Mi mujer está con síndrome de abstinencia. El lunes terminó la feria de Marbella en honor a nuestro patrón, San Bernabé, y este año ha faltado la atracción de las carreras de camellos. La gente espera la feria como agua de mayo para retomar los clásicos o enfrentarse a sus temores. Los hay que por fin aceptan el reto de la montaña rusa para vencer ese miedo insuperable, tampoco faltan quienes la visitan por imperativo legal, esto es, para montar a los niños en los cacharritos, pero los mejores son los que van al ferial para volver de nuevo a la infancia. En el caso de Marbella esto implica comer pinchitos en la cariñosamente conocida como barra del moro pestoso, tirar de la cuerda, pescar patos, lanzar herraduras, pararse en el puesto del pulpo a la brasa, degustar los aceitosos placeres de Hamburguesas Uranga o, cómo no, en el caso de mi señora, participar en las carreras de camellos.

Mi mujer es la campeona absoluta.
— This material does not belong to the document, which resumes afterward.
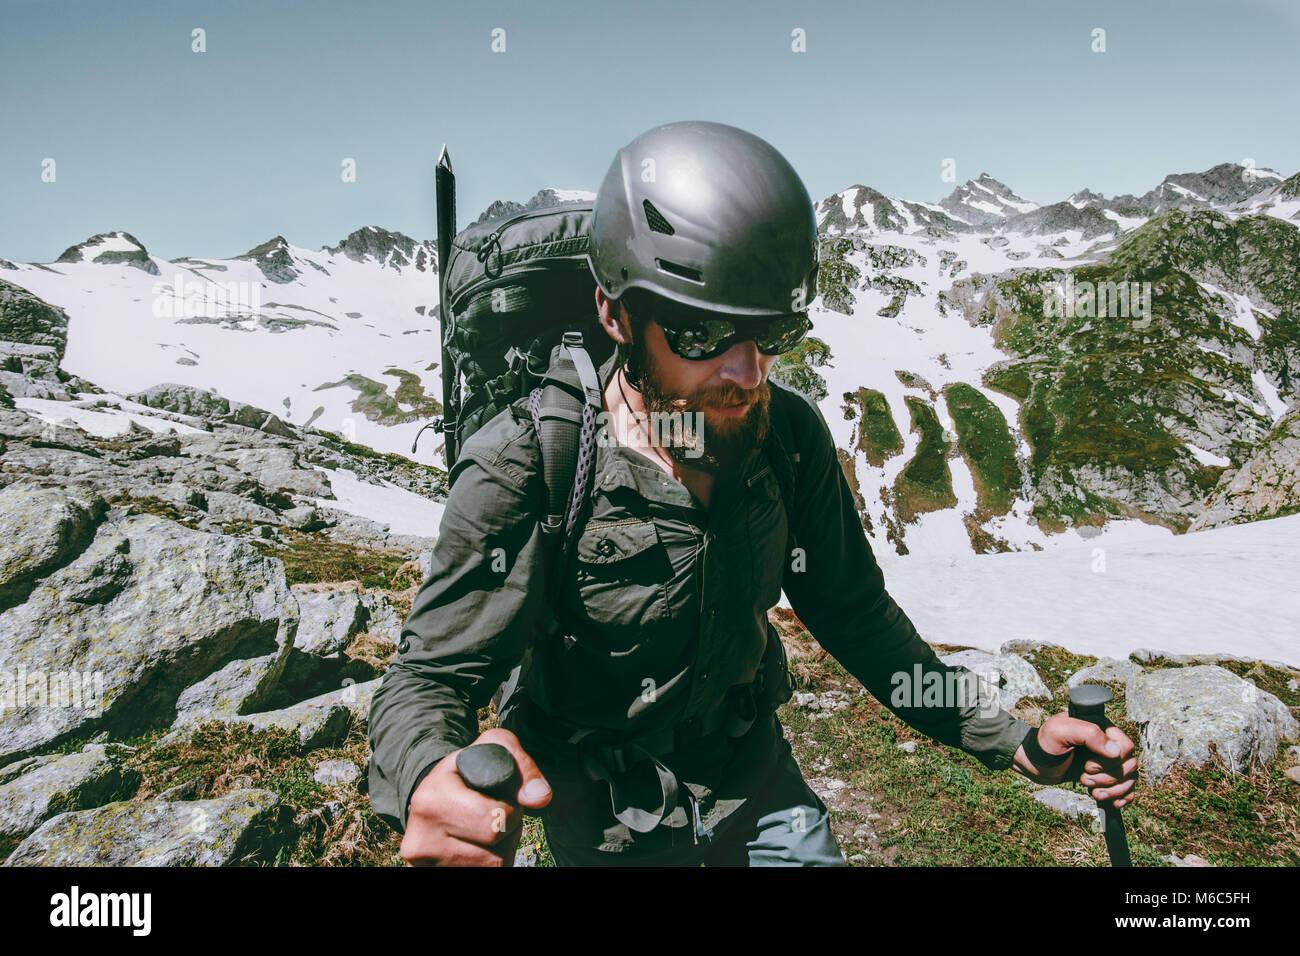 Sac à dos homme aventurier avec escalade des montagnes lors de voyages aventure concept de vie survie outdoor Photo Stock

Gracias a ella tengo en mi casa dos básculas, una tostadora, un juego de té, tres enormes Minions de fieltro, otras tantas fuentes para ensalada y un robot intergaláctico al que le falta un brazo. Mozingor Z ponía en la caja. Eso sólo de la última vez. Ella llega a la feria y parece que desde la portada, entre todo el ruido, distingue nítidamente a kilómetros el soniquete aguardentoso del dueño: Que empieza la carrera, quedan dos puestos libres. Empezamos carrera de prueba. Vayan calentando, que empieza la carrera. Qué buenos los camellitos, qué ricos los camellitos.

Ella escucha esa voz y entra en trance, ya no conoce a nadie. Se pone en modo competición y se abre paso entre los niños hasta alcanzar un puesto de juego. El dueño ya la tiene calada de años anteriores. Se saludan con la mirada, levantando la barbilla de refilón, desafiantes, pero ella no se amedrenta. Ve eligiendo regalo, me dice. Yo, que ya la conozco, no hablo, no me muevo, no respiro. Me limito a quedarme a su lado y abrir hueco para el saco de premios. Es apuesta segura. Como cuando el urbanismo malagueño abre diez mil expedientes sancionadores y el tuyo es uno de los veinte terminados. Como la tómbola que siempre toca, si no un pito, una pelota. Una partida tras otra el resultado se repite, el dueño se impacienta y empiezan las indirectas por megafonía: a lo mejor la señora rubia del puesto siete tiene hambre y quiere volver luego. Sólo le falta invitarla a cenar con tal de que se vaya. Los niños se desesperan, los padres se quejan. Abusona, se oye de fondo entre el gentío.

Pero este año se ha quedado con las ganas, los camellos no han venido, lo que engrosa la larga lista de singularidades de la feria de Marbella, como celebrar la fiesta de día en el centro y situar el recinto de noche en un descampado casi inaccesible, a las afueras de las afueras. Un páramo desolado, lejano, nada apetecible. Buena fe de ello dan los solitarios feriantes por la ausencia de disfrutones. O como representar con exquisito rigor histórico la visita de Fernando el Católico a la ciudad, precedida de un séquito perfectamente pertrechado y la exhibición de un pendón envidiable para, acto seguido, iniciar un pasacalles de gigantes y cabezudos con los Reyes Católicos, los Picapiedra, los Tres Cerditos y Shin-Chan. Shin-Chan con sus padres, que es aún más lamentable y delictivo, como bien puntualizaría mi buen amigo El Trotamundos, Pepe Arranz.

En algún momento alguien se pasó el criterio por donde amargan los pepinos. Y es que así es Marbella, capaz de lo mejor y de lo peor. Una mezcla de gente de siempre con visitantes de nunca, ciudad de tradiciones e innovaciones, y la feria nos mezcla a todos sin distinción, bajo el capricho de alguien sin capacidad de discernimiento.

Por mí como si trasladan el recinto al Palacio de Congresos, como si escogen El anillo pa' cuándo para himno del pueblo, como si cambian el nombre del patrón o pasan la feria a noviembre. Pero hay una cosa que no permito, algo por lo que no paso, que dejen a mi mujer sin carreras de camellos. Que en marzo se rompió la tostadora y llevo tres meses esperando a la feria para volver a desayunar como Dios manda.